Information shown START

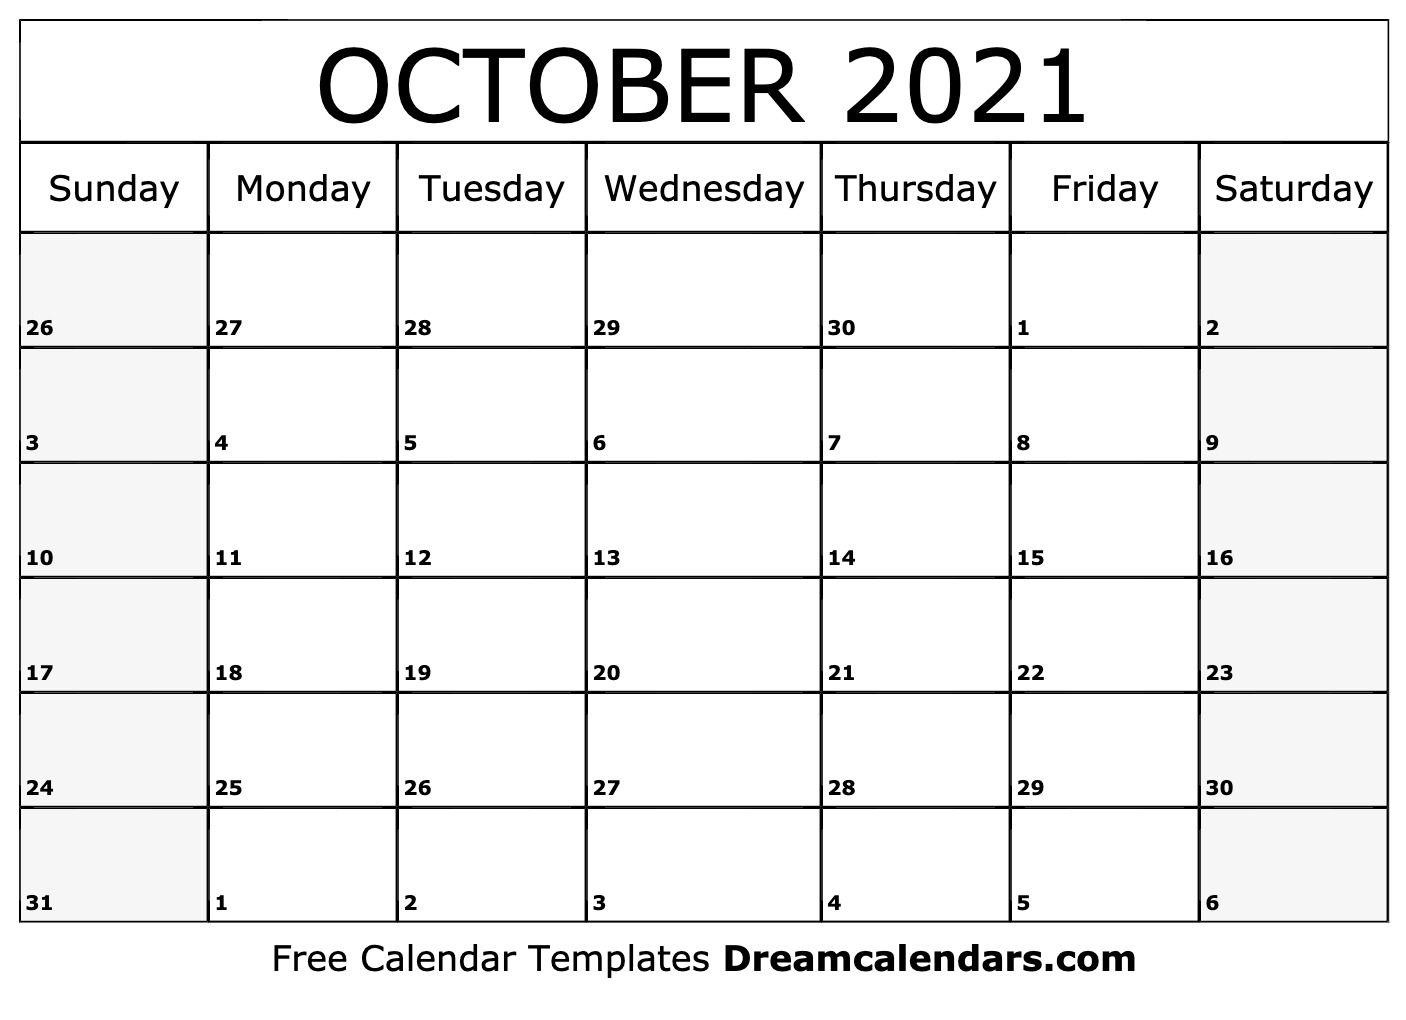 October 2021 Calendar   Free Blank Printable Templates
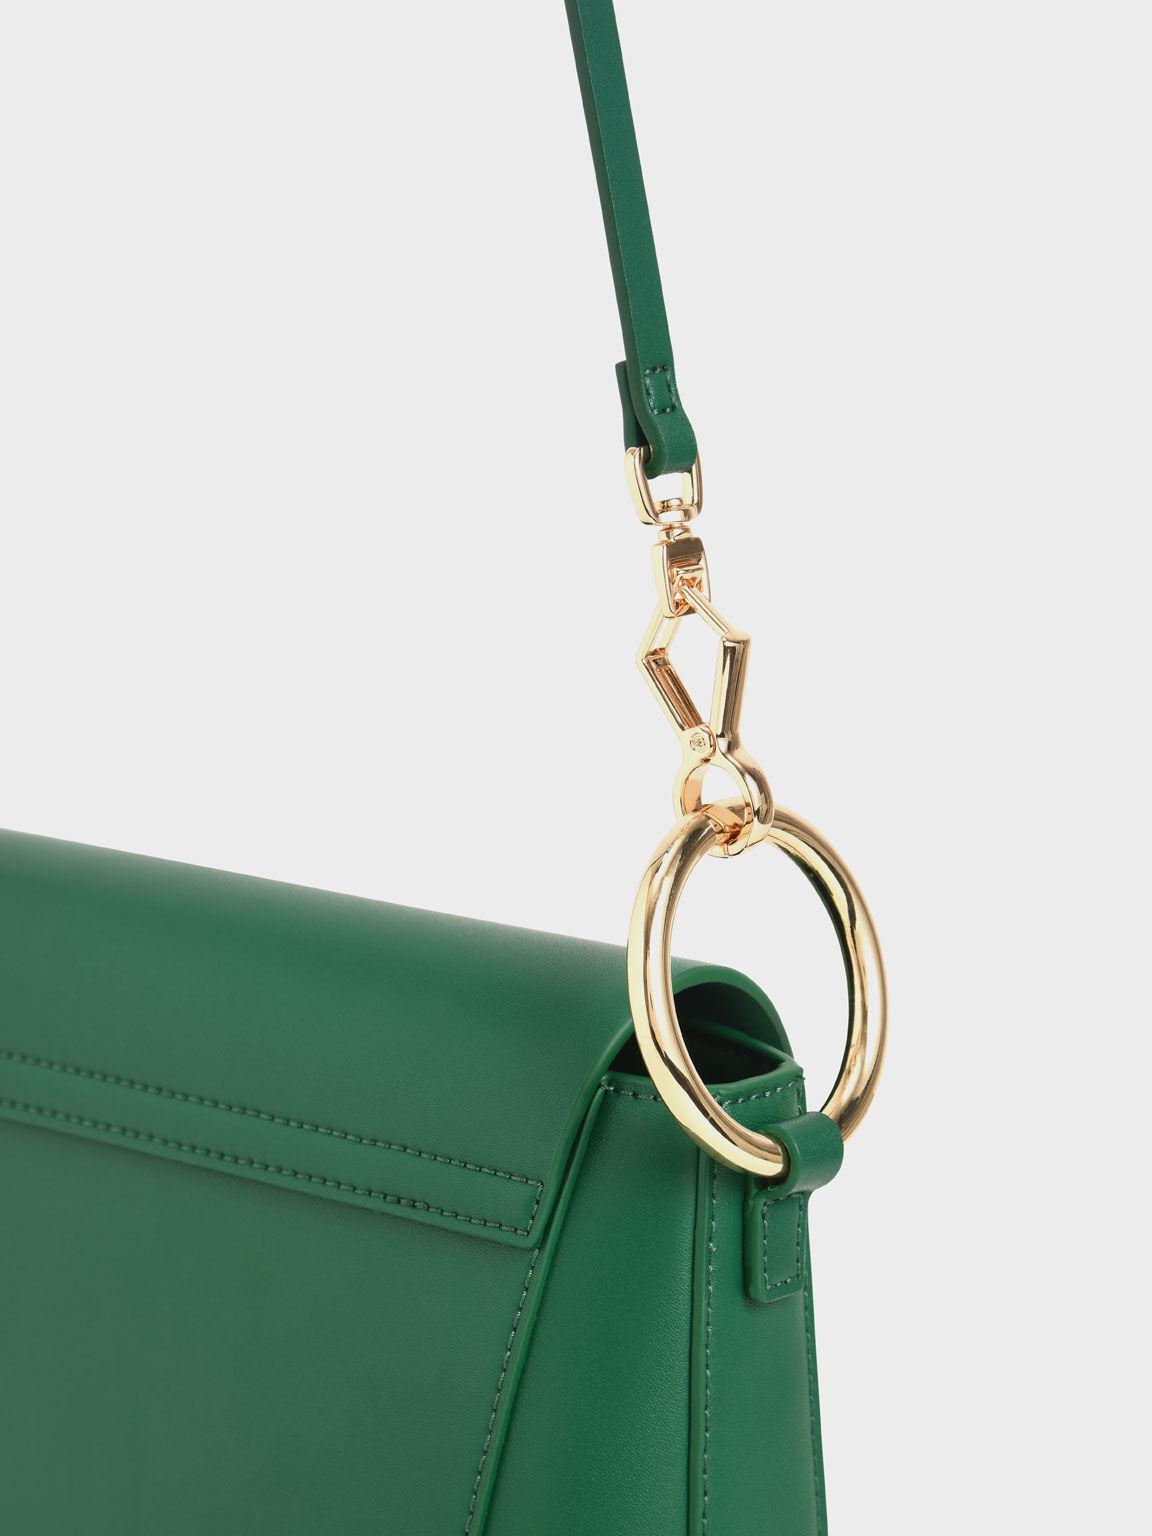 Ring Detail Crossbody Bag, Green, hi-res
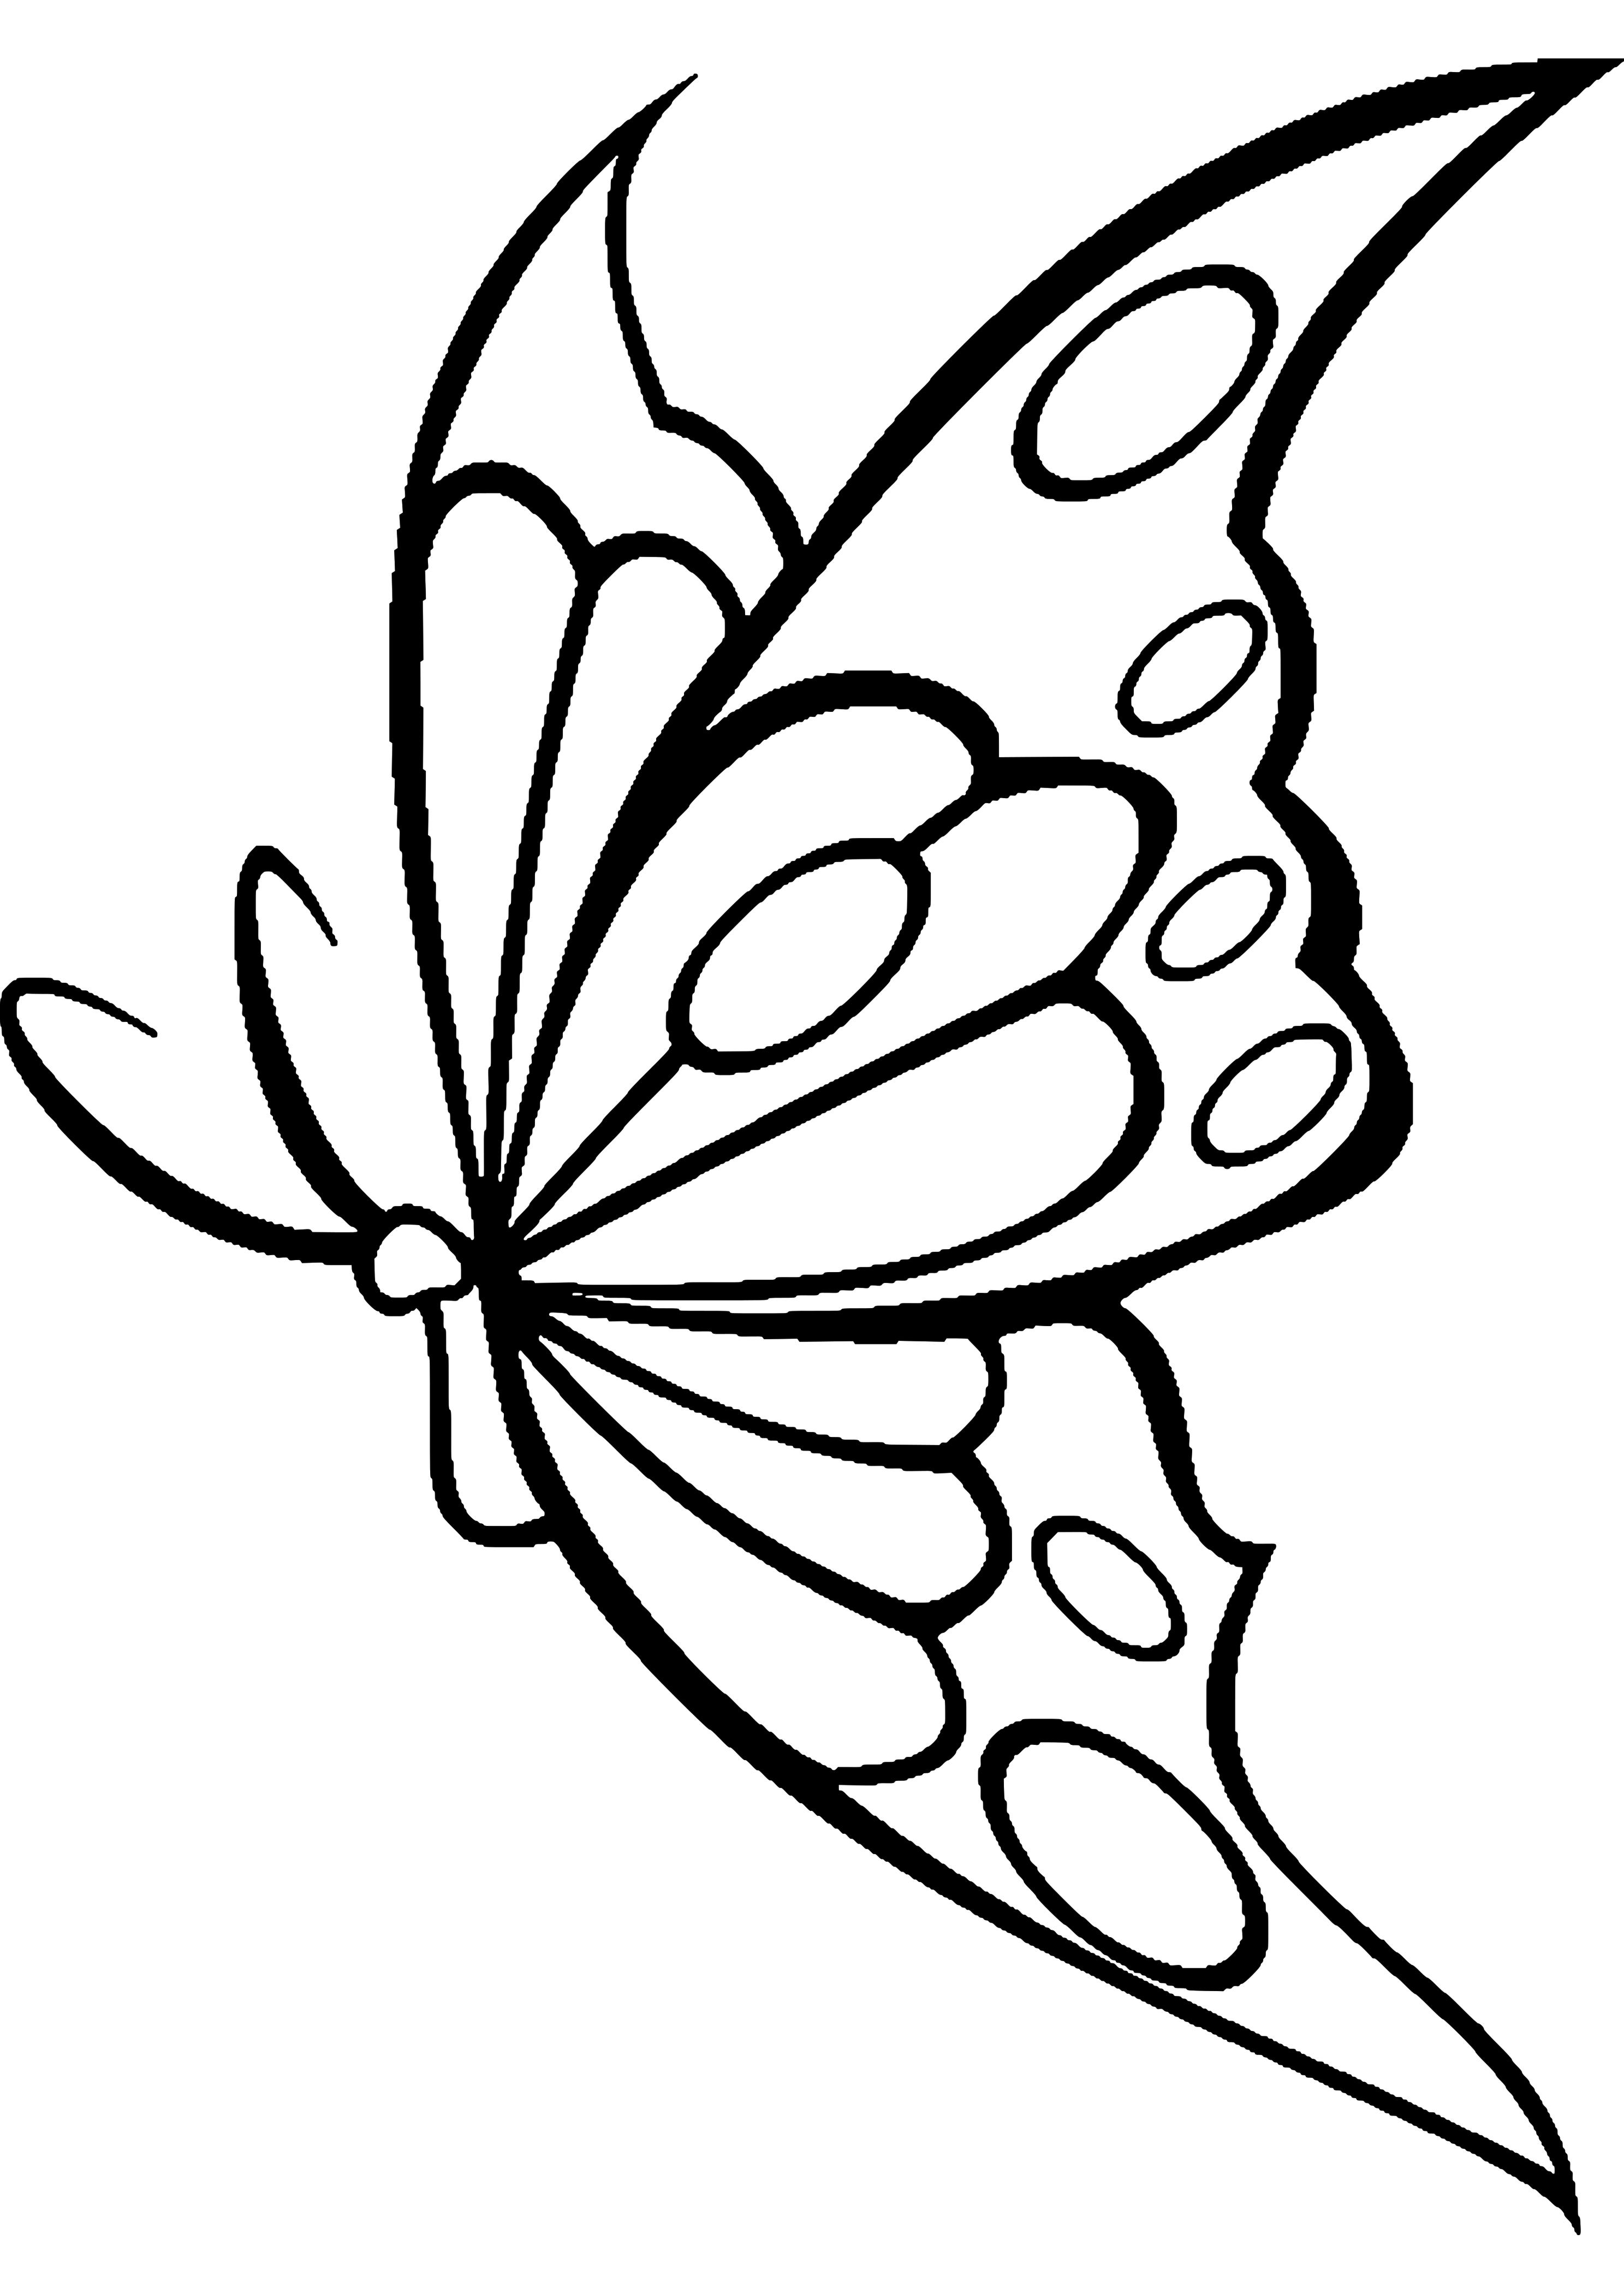 Mariposas para Colorear o Dibujar

Information shown END

*About this exercise*
Without the pictures, copy the material exactly as given.

*Answer area*
 October 2021 Calendar   Free Blank Printable Templates
 Ring Detail Crossbody Bag, Green, hi-res
 Mariposas para Colorear o Dibujar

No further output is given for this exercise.